BACKGROUND: Bereaved people require varying levels of support, including the promotion of self-care strategies. Knowing what services to provide may be crucial for the journey to adaptation.
AIM: To map levels of agreement between practitioners’ perspectives and key messages from a previous literature review (Wimpenny et al, 2007).
METHOD: Telephone interviews were carried out with 59 service providers.
RESULTS AND DISCUSSION: The top three priorities for developing bereavement care were: education for health and social care professionals; taking a compassionate approach; and recognising grief as a normal process. Examples of established services exist, but opportunities to promote self-care in recently bereaved people are often missed.
CONCLUSION: A coordinated approach to provision of information, advice and support led by appropriately educated practitioners is recommended.

Authors
Audrey I. Stephen, MSc, BSc, RGN
, is CSO research training fellow; Peter Wimpenny, PhD, Cert Ed, BSc, RGN, is associate director, Joanna Briggs Collaborating Centre; both at The Robert Gordon University, Aberdeen.

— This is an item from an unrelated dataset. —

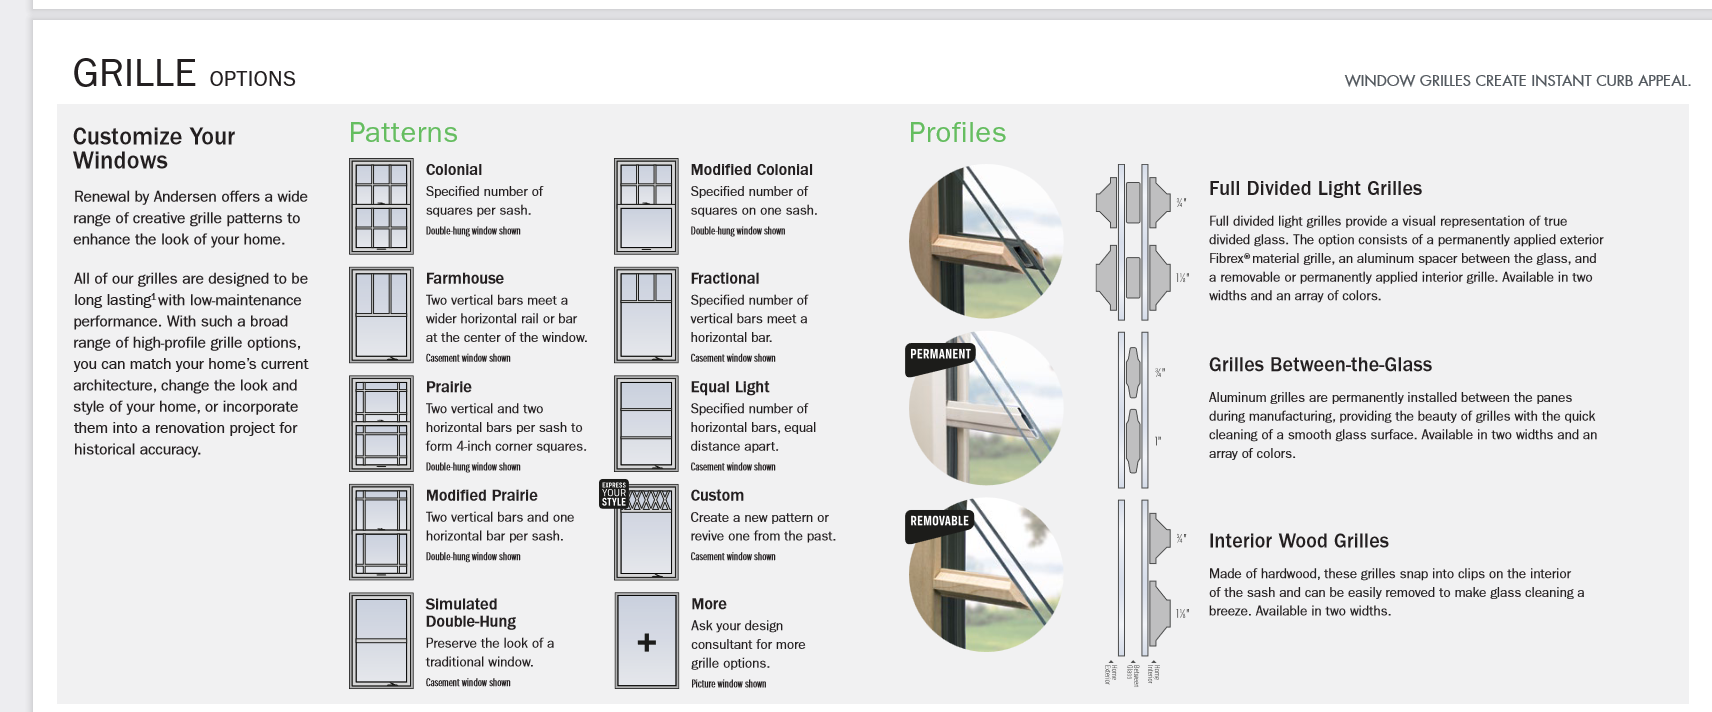 A screenshot of window grille options on the Renewal by Andersen website.
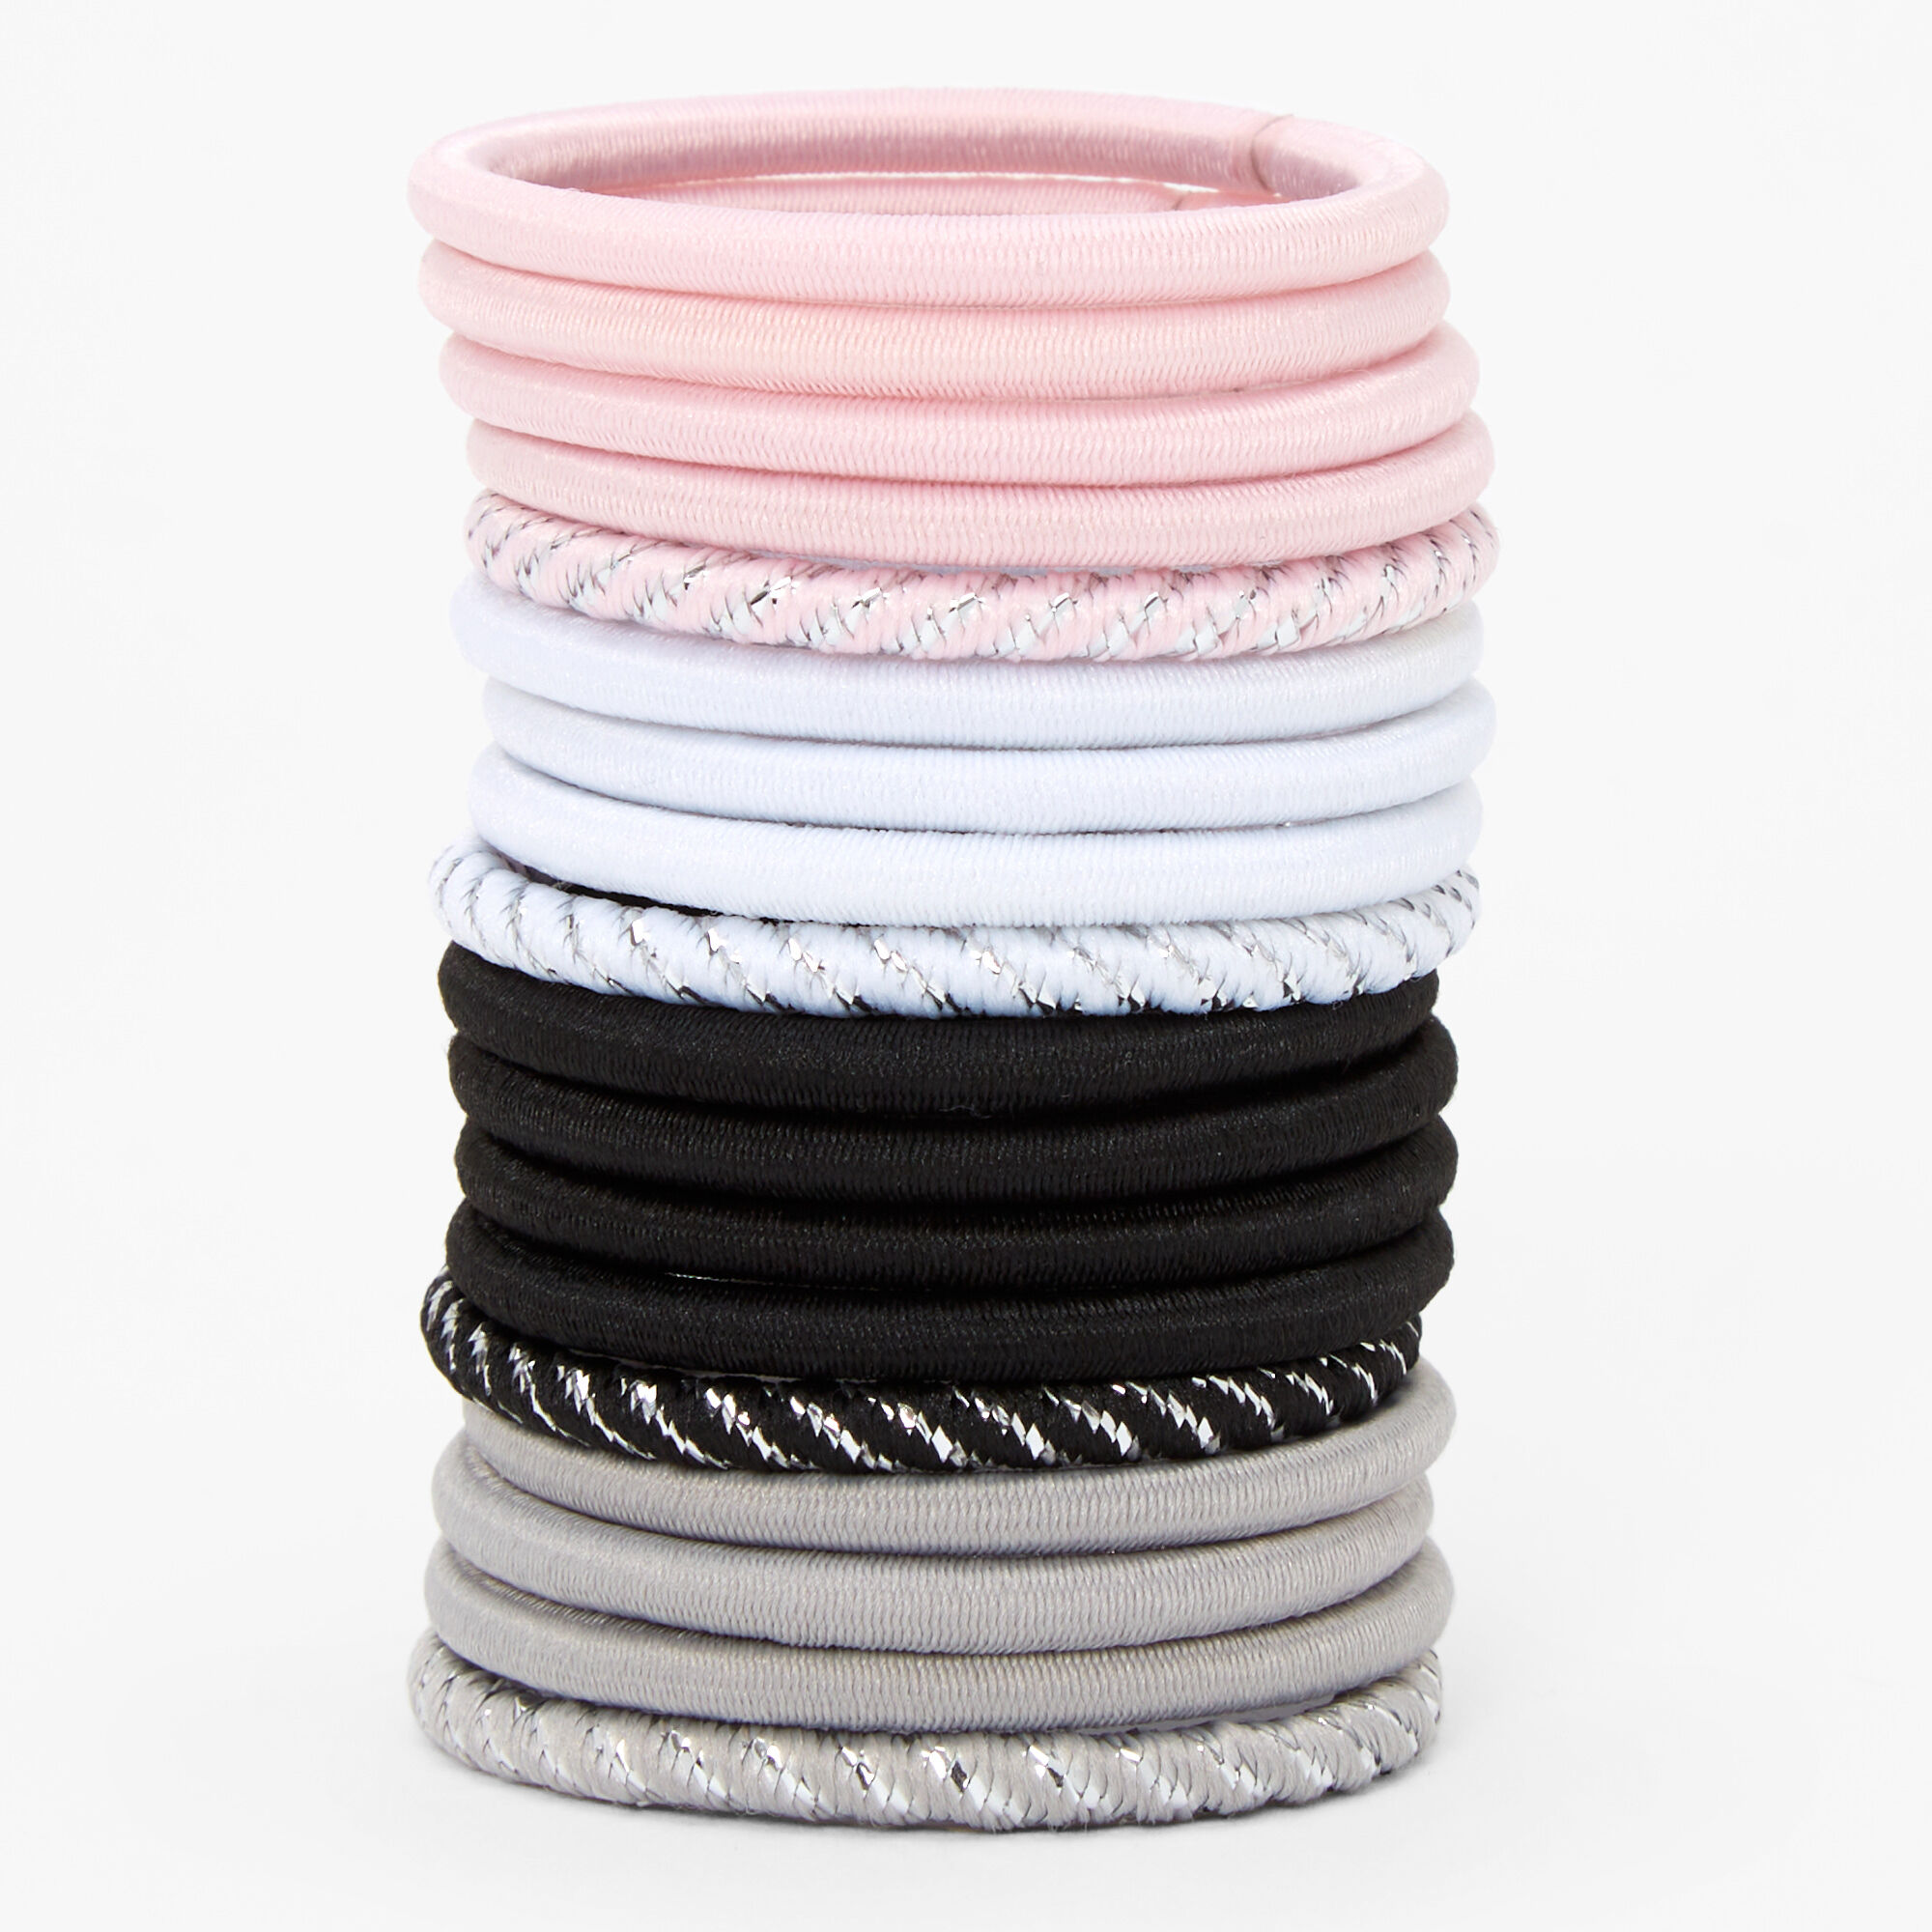 View Claires Club Edgy Lurex Hair Ties 18 Pack information

Background and literature review

The latter decades of the 20th century saw death, dying and bereavement become topics hidden from everyday life, even though everyone experiences these issues (Johnson, 2004). Now we should encourage discussion about how they can be absorbed into life in a way that makes them more acceptable (Arnason and Hafsteinsson, 2003). Greater awareness of these life events as unexceptional phenomena could enhance health and well-being, and also allow people and communities to be more aware and supportive of bereaved people. However, it appears that dealing with death, dying and bereavement, particularly in health and social care, is increasingly challenging. Practitioners tend to rely on people being able to adapt and care for themselves.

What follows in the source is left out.